Re: My wife punched me in the face for the first time
DJGuy
Funny, I was with my abusive female for 6 years before I divorced her. Have a 3 year old. It wont stop, please leave for your child's sake. GET A LAWYER and whatever you do do not tell her you are divorcing, I made that mistake. She will run down to the nearest lawyer and file asap just to be first and make all kinds of false accusations against you that you are abusive and a rapist and a control freak or whatever. This is what abusive females do and it is encouraged.
I'm so excited that you didn't take her emotional abuse. This is how domestic violence always starts, emotional/controlling abuse first, then as a last resort, they start hitting and killing. In my case, the hitting started after 3 years of emotional abuse, emotional abuse continued until the 5th year when she pushed me and punched me several times and finally raised a hammer over her head threatening me.
Call the police, don't worry, nothing will happen to her because she is a woman. Women abusers are catered to and even encouraged. So call but do it to break the trend of men not tattling.
Of all reported and unreported cases of abuse, men make up half, probably more so since this society doesnt recognize it, not even the male victims recognize it. Even if the male recognizes their abuse, there's so much shame and ridicule involved that they will keep quiet, not to mention the victim blame game that EVERYONE plays..."you did something to deserve it" type thing.
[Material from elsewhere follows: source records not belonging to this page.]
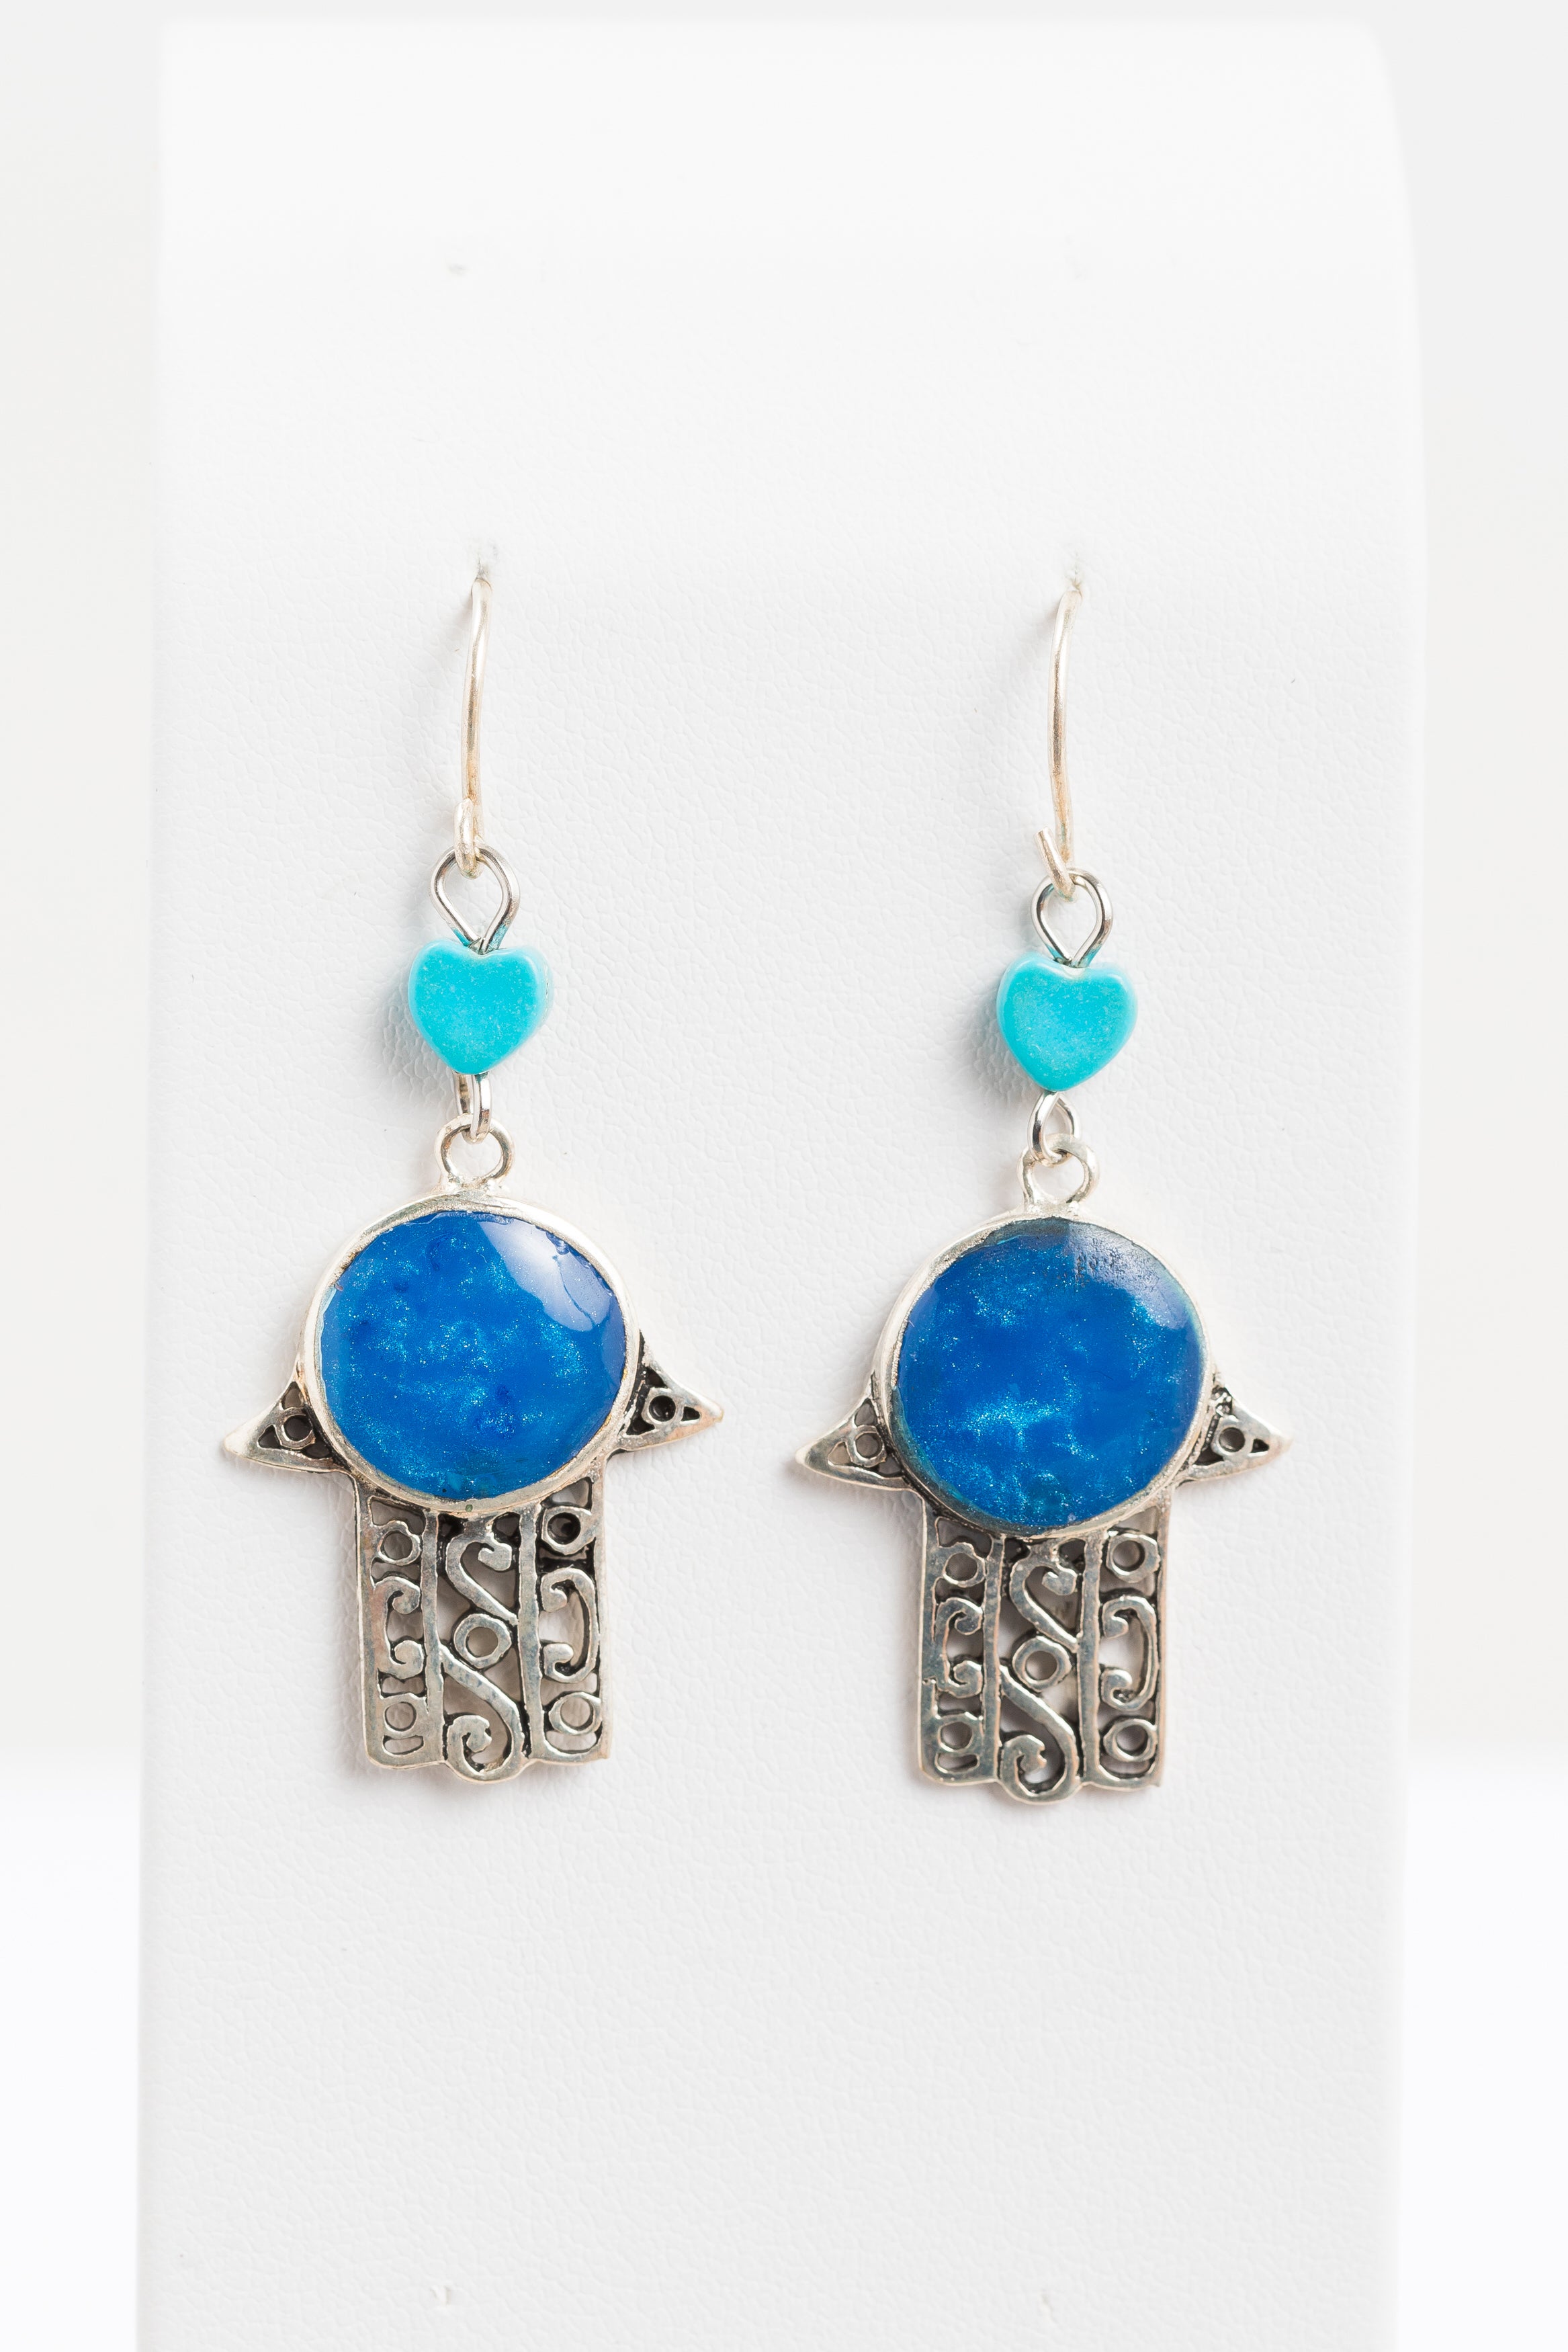 Larki Designs Silver & Blue Enamel Earrings
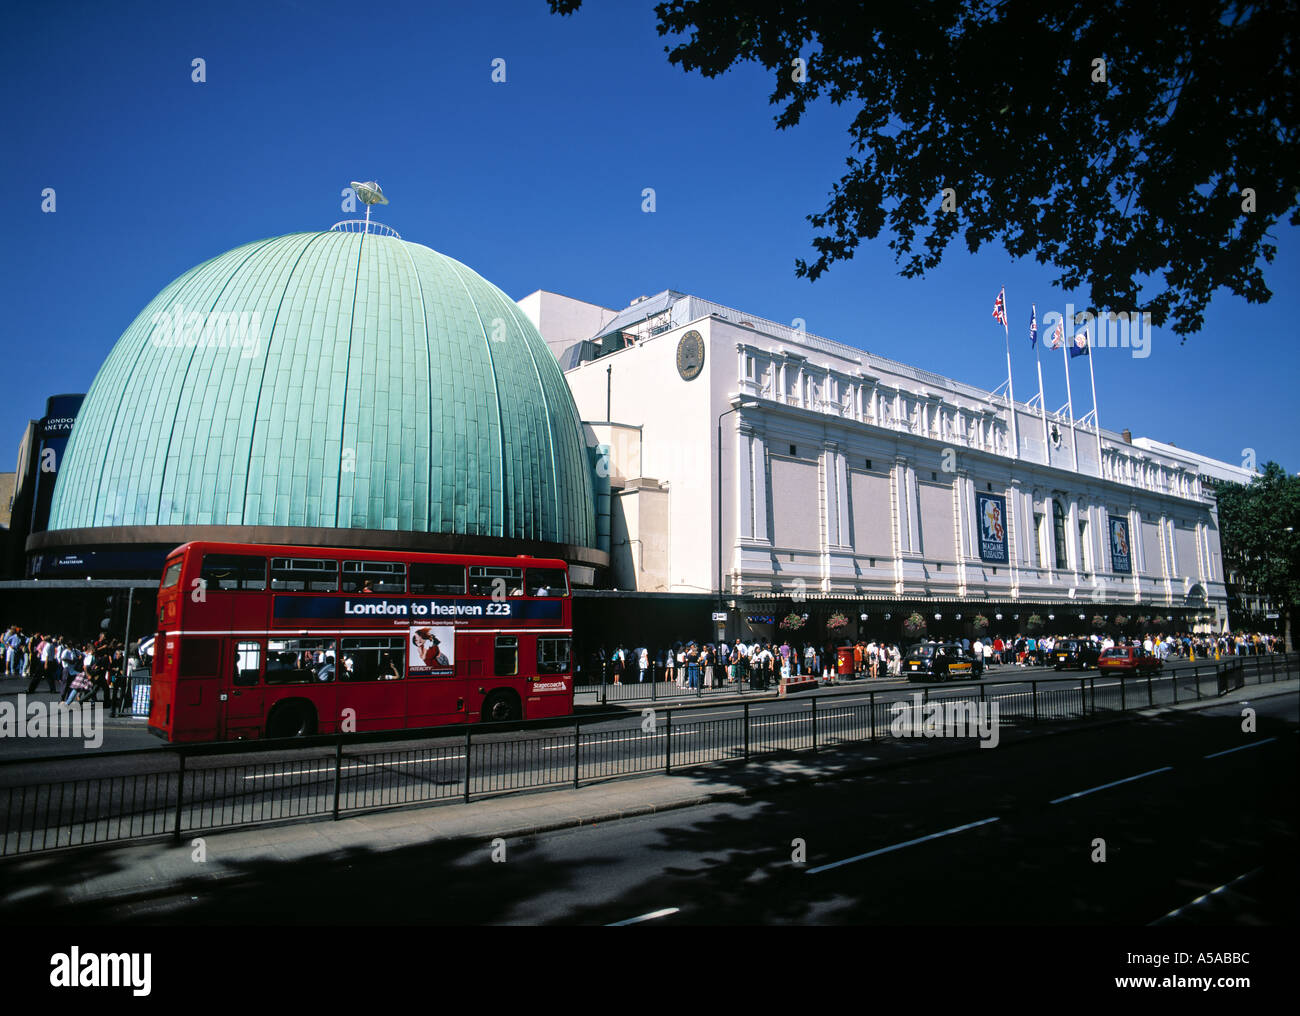 Planetarium & Madame Tussaud's, London, England Stock Photo
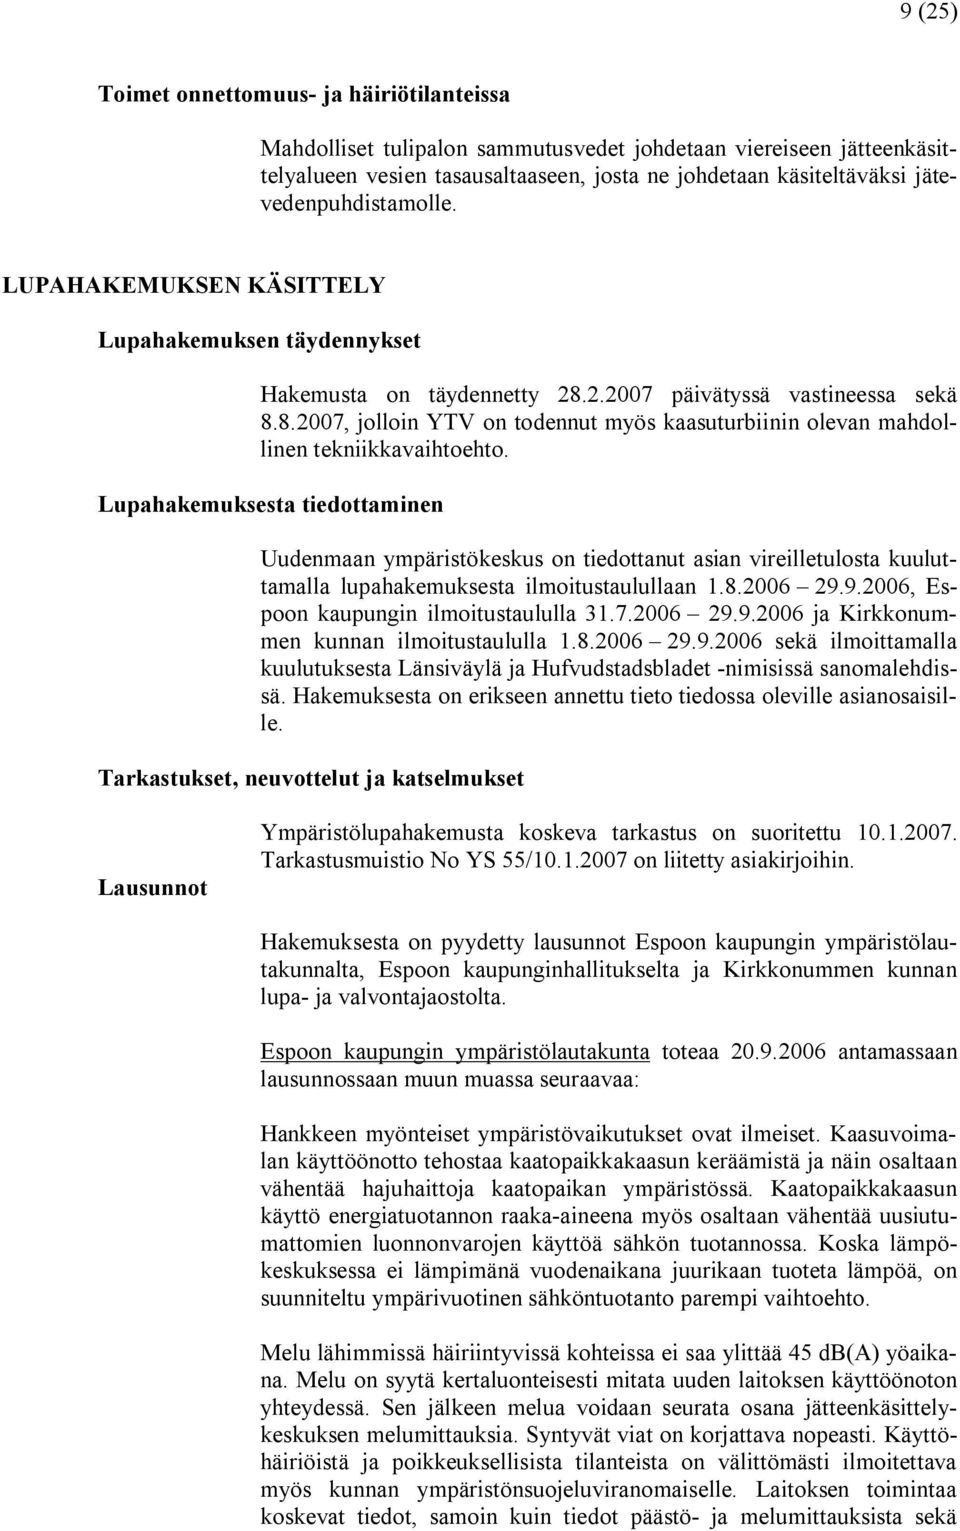 Lupahakemuksesta tiedottaminen Uudenmaan ympäristökeskus on tiedottanut asian vireilletulosta kuuluttamalla lupahakemuksesta ilmoitustaulullaan 1.8.2006 29.9.2006, Espoon kaupungin ilmoitustaululla 31.

Only reason I realized I was abused was thanks to a woman that witnessed it and showed me that I was no different than women victims. The fact that a woman helped me is the only reason why I'm not a misogynist now, although I do have a major trust issue.
Re: My wife punched me in the face for the first time
I'm pretty forgiving in the "everyone is entitled to one mistake" way, but physical violence is not a mistake--it is evidence of a total disregard for another person's rights. OP, please take action to protect yourself any your child. Get counseling--this abuse did not come out of no where and you need help figuring out why you are with someone like that.